It's time to Negotiate my Split with my Rainmaker, What do I do?

Commission as found in the dictionary

I received a question from a buyer’s agent who was in the process of renegotiating with her team lead.  She had some great questions that a lot of team members wonder but rarely ever speak about.  I thought it would help others to post our dialogue (personal information removed). 

Question: I have been a realtor for 18 months.  I sold 10 homes and closed 4 rentals before joining a team.  My team consists of two people.  I am the buyers agent and my team leader is the listing agent, who generates the bulk of the business. 

My deal was simple, I work with buyers and take it from contract to close.  I can take listings of friends and family on a case by case basis and all the closed deals and therefore people remain the “property" of the team.  My starting split was 50/50 and my percentage would increase 5% for each million dollars in sales I surpassed.  I would cap at 75%.  My anniversary is in two days and I have sold $3,500,000 worth of property which represents 24 sales.  Of the 24 sales, 9 of them were from my own advertising and referrals.  

I wanted a better split so I requested a 65/35 split for the first three million and 75/25 thereafter.  My team leader countered at 60/40 for the first two million and then 65/35, 70/30, 75/25 for the next three tiers. capping at the 75/25. Is this fair?

The other issue relates to who keeps the leads.  I want to request that the language be changed to say that if I leave the team and do business with previous clients, the team will get a 25% referral. My plan for now isn’t to leave the team, but I want to make sure I am protecting my future.  Is this fair?

- Sincerely, Unsure Agent

Response from Brett @ Nekst:  When it comes to the split, it will vary by market and what your "rainmaker" is bringing to the table to help you develop.  If you're working for the top agent in the market, you should be happy to accept a lower split since you will learn so much. With you being two years into the business and receiving 63% of your sales from your team leader, I'd say it makes a lot of sense to stay with your team for at least another year.  During this time, however, make sure you are taking the necessary steps to allow for an easy exit as an independent agent, should that be your goal.   

Based on the two splits above, should you sell $5,000,000 (assuming 3% commission) you would make $103,500 with your split and $99,000 on your rainmaker's proposed split.  Either way, you're arguing over $4500 which could easily be made up for through 1 additional sale.  I wouldn't care so much about the split in this case.  I recommend you focus on what coaching or activities your team can offer that will lead to one or two additional sales.

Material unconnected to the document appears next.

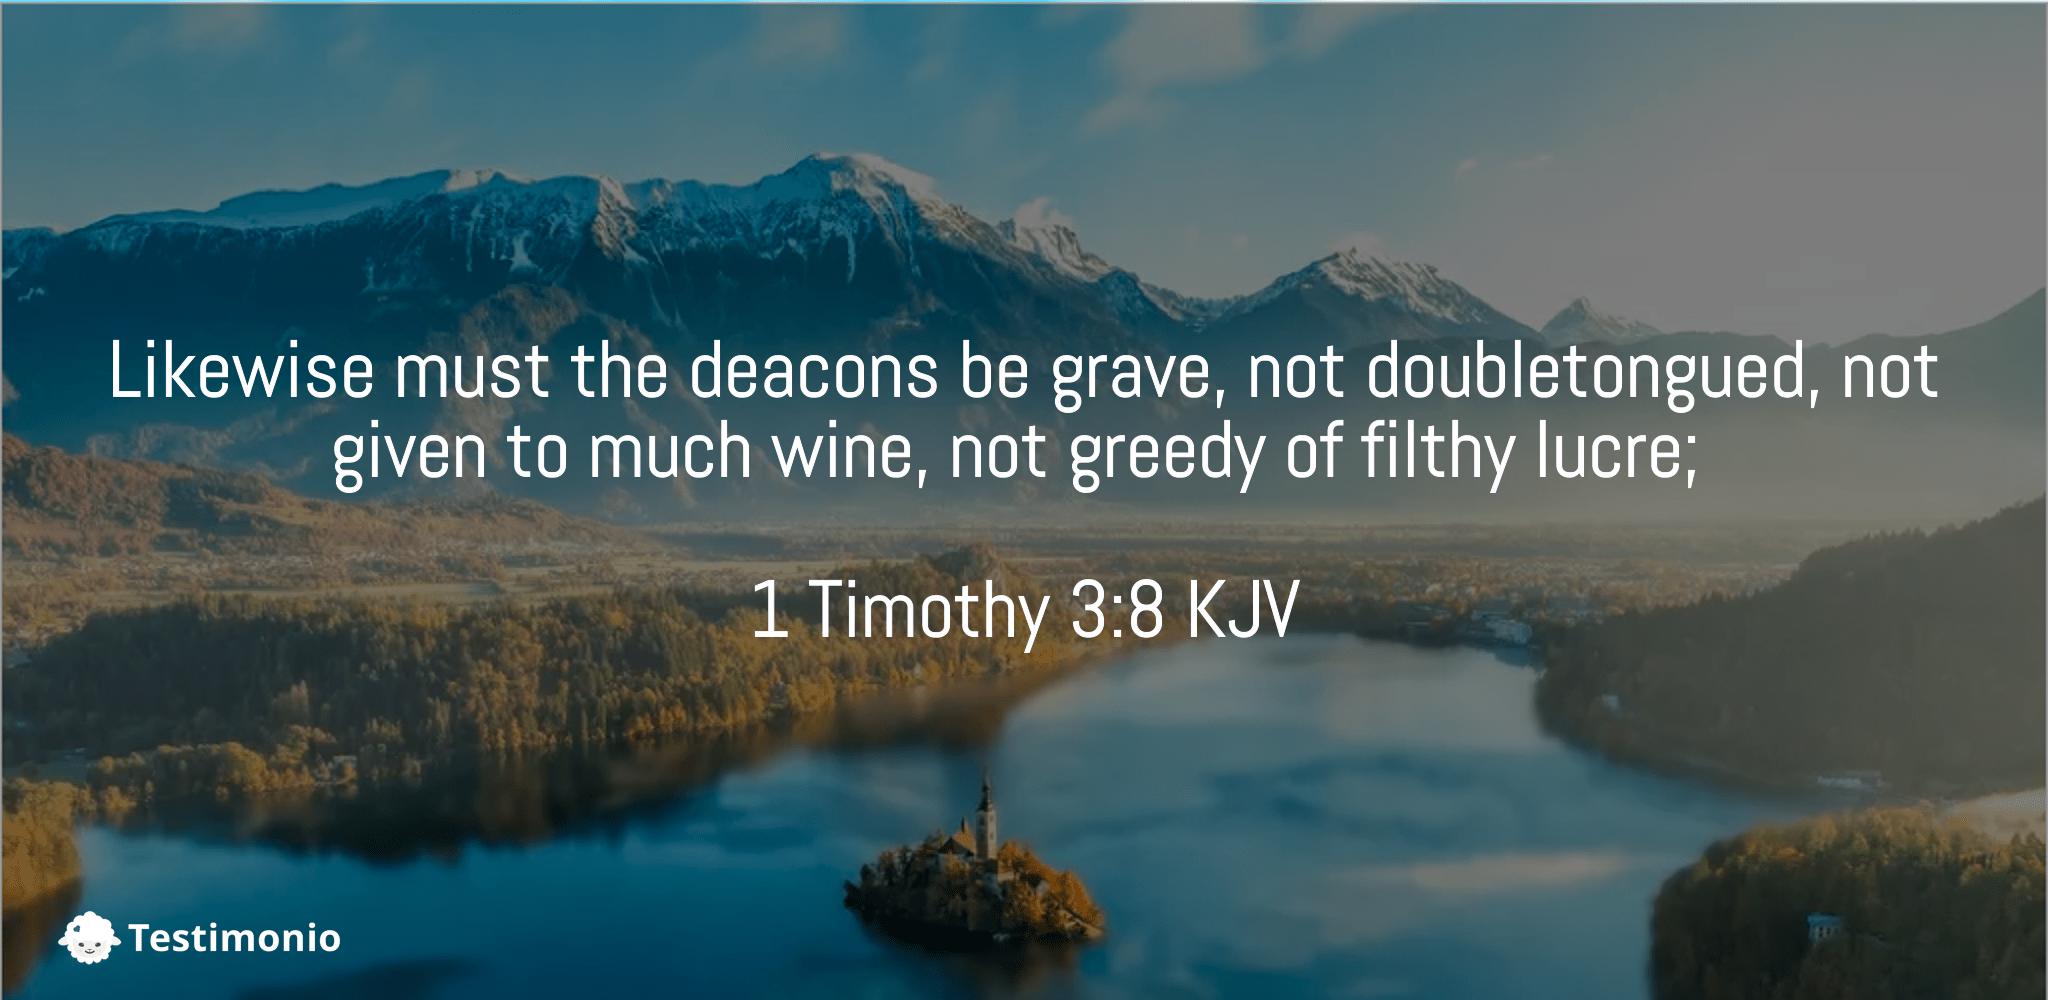 1 Timothy 3:8

As for protecting your database... I am much different than most team owners.  I personally run my own sphere and any leads I help generate for my team stays with the buyer's agent.  I try to develop my buyers agents so that they will do their own marketing and become rainmakers themselves.  This is completely counter intuitive to what most coaches teach, but my goal is to get them as successful as possible and earn their loyalty.  Every great buyer's agent will one day go off on their own.  If I can still earn a smaller portion of income by housing them within my brokerage, fantastic.  So unfortunately I can't respond in a manner where I have a "shared mindset" with your boss.

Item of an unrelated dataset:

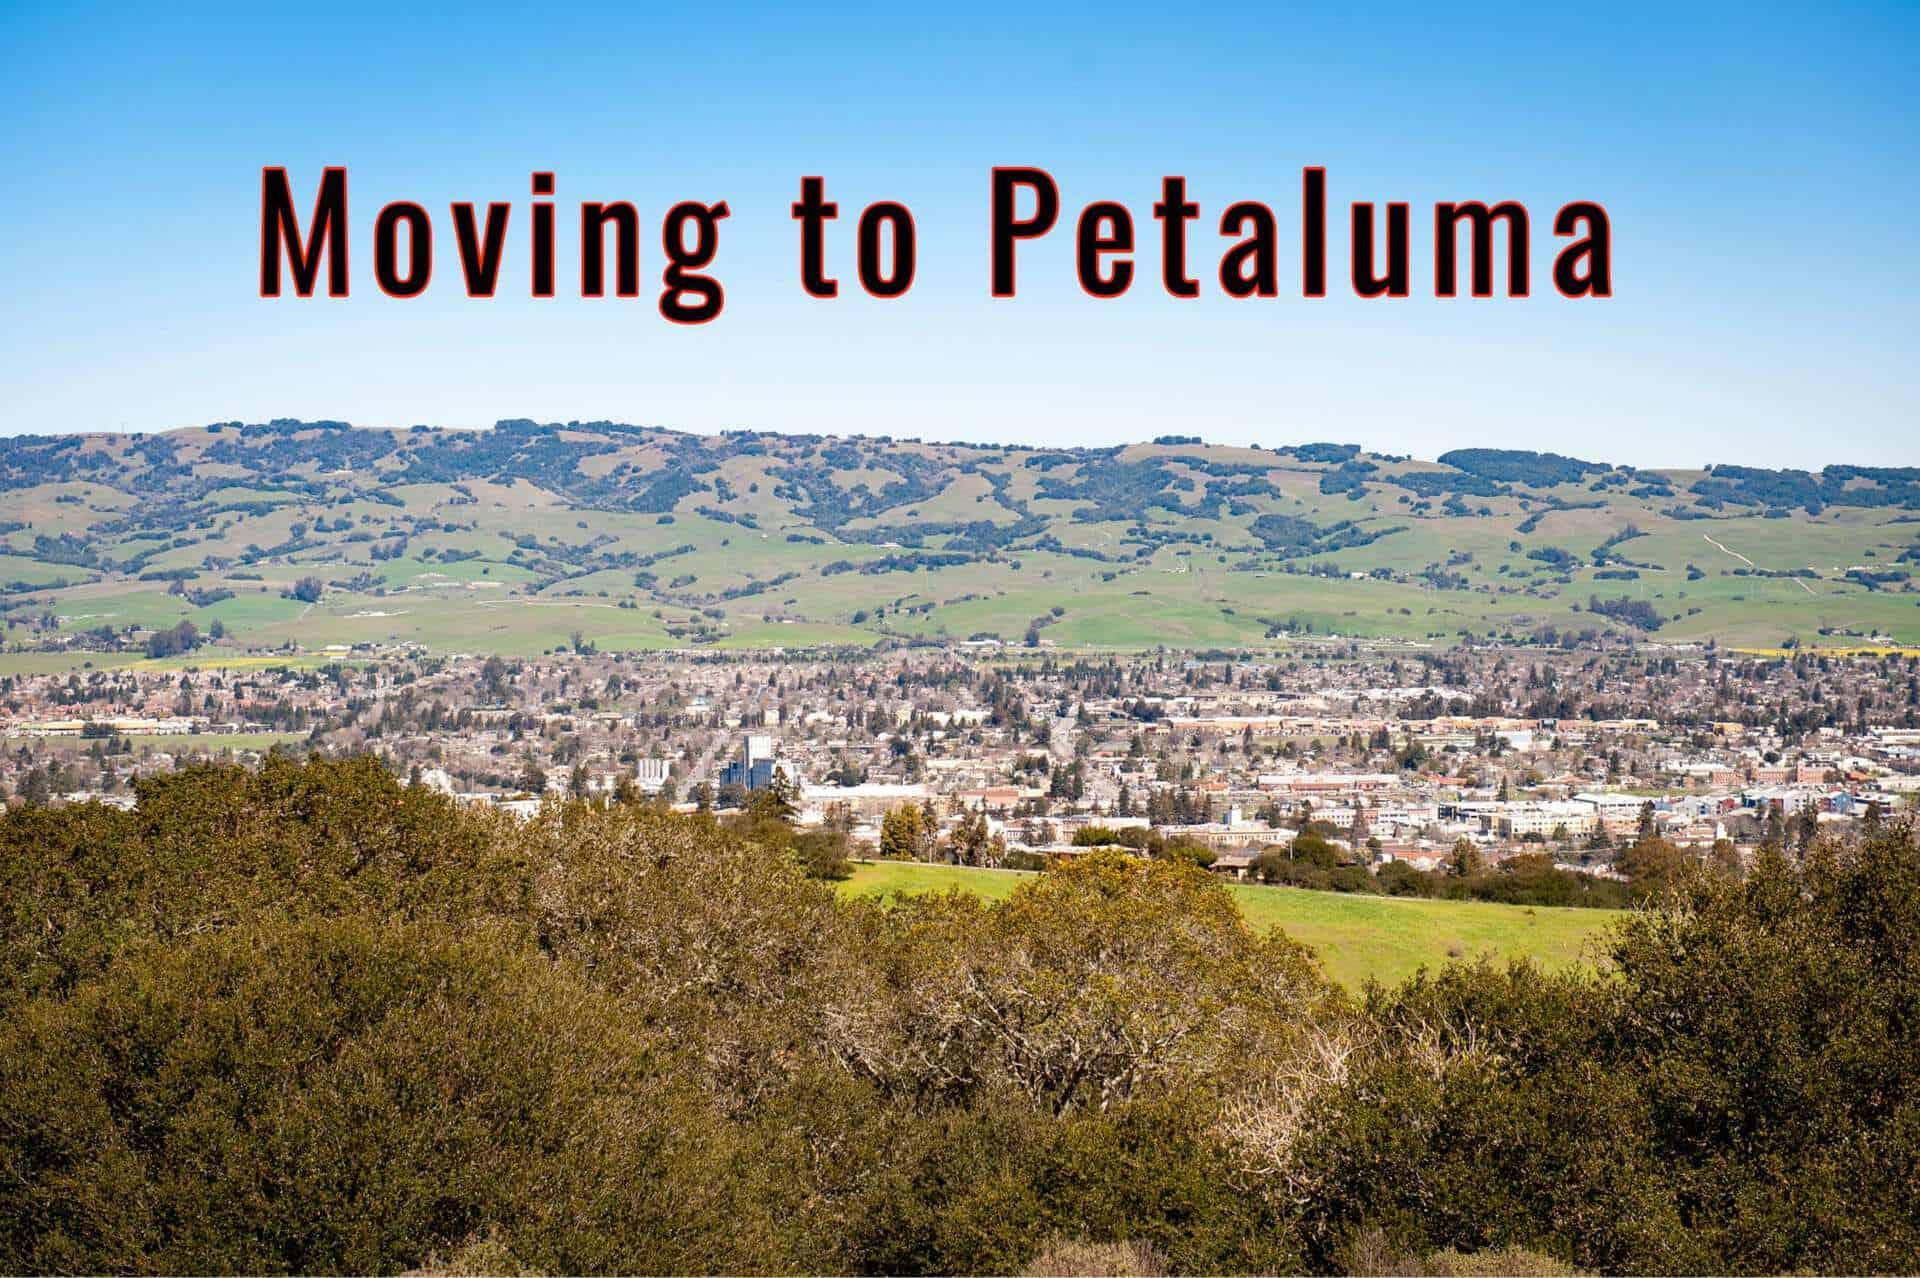 Moving to Petaluma, CA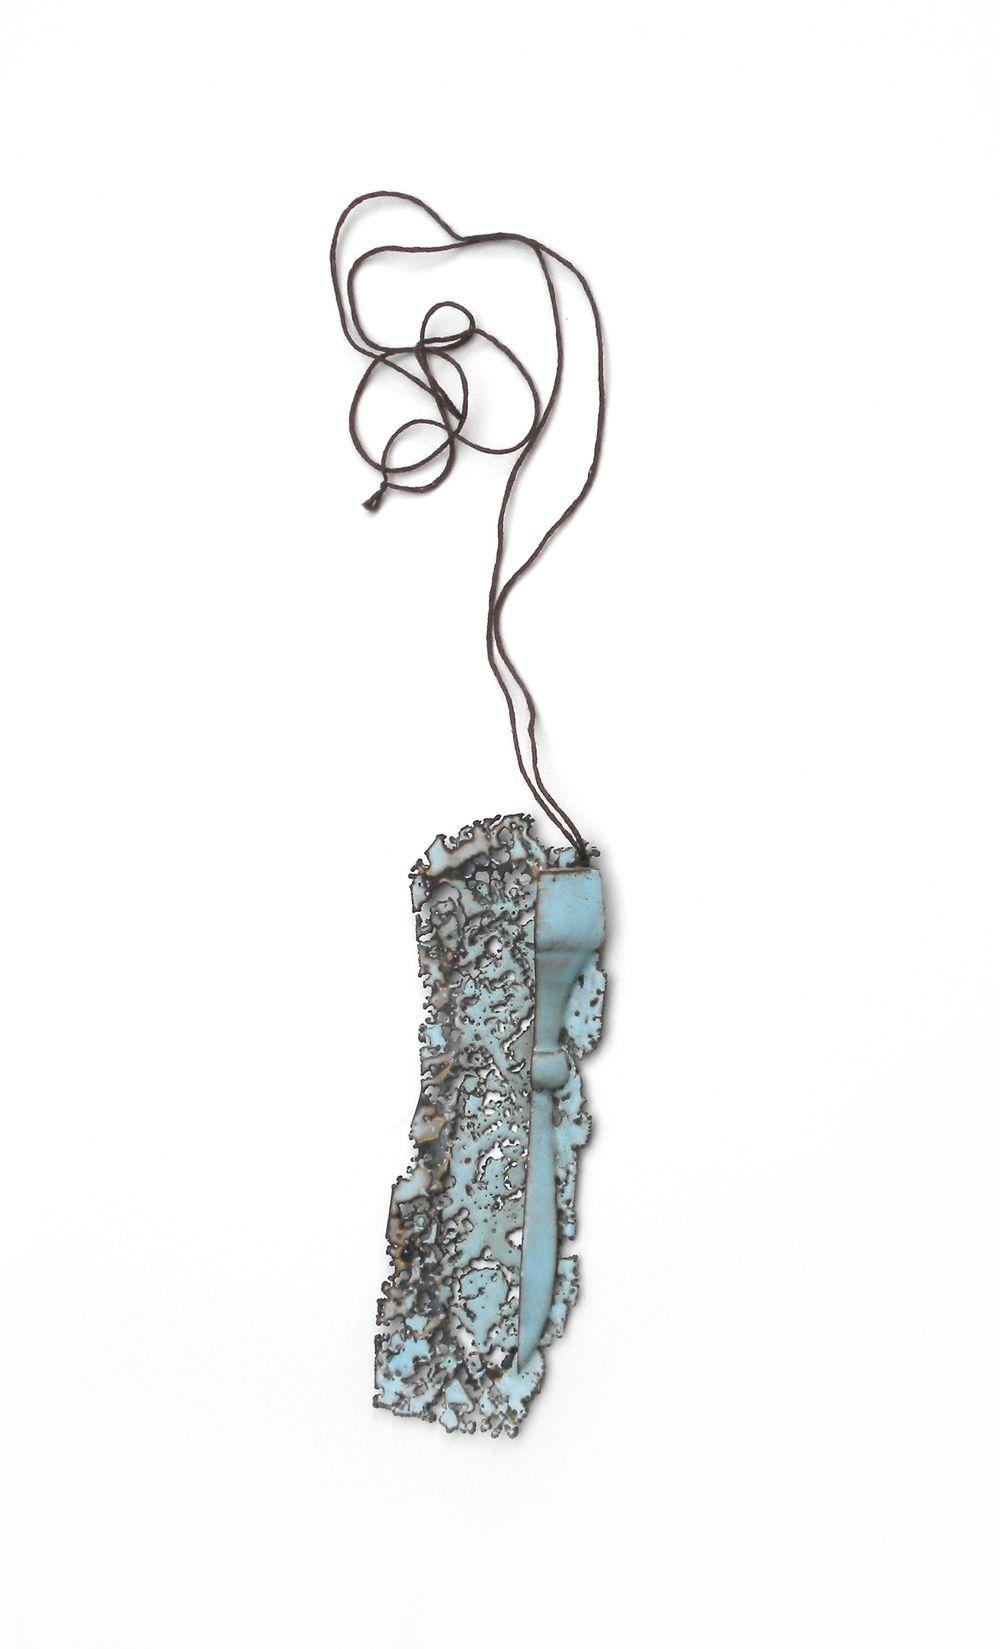 copper, enamel, thread  2013 amanda packer

Here is the best advice I can give when it comes to leads.  Keep your own database outside of your rainmaker.  If you want to offer a 25% referral fee should a past customer use you, that's great.  But who is going to track your sales to make sure you're following through on your promise?  At the same time, after you've worked your butt off for a client who wanted to see 100 homes over 24 months, are you still going to be forthright in offering that fee?  Rarely do I see these kind of referral relationships lasting more than a year.  On top of all this, what the team wants to maintain in the shortterm are the referrals from these folks, since it's the friends and family of recent client who are more likely to buy/sell over the next 5 years.  

I would suggest that you negotiate this:

  • Every lead/client you generate through one of your own resources belongs to you
  • Every lead/client who came to you through one of the team's marketing efforts belongs to the team
  • If you leave the team, you promise not to market your business to any clients that belong to the team
  • But - should you no longer be with the team and a past client reaches out, you are permitted to work with the client since the "team" failed to properly market to and retain that client for themselves  

Spend this year building your own list of clients in your personal database.  Build yourself a personal website and start putting out blog content so you can easily be found when someone googles you.  Pretend you're an independent agent who accepts leads from the team so that when you finally shed your team for good, it will be seamless.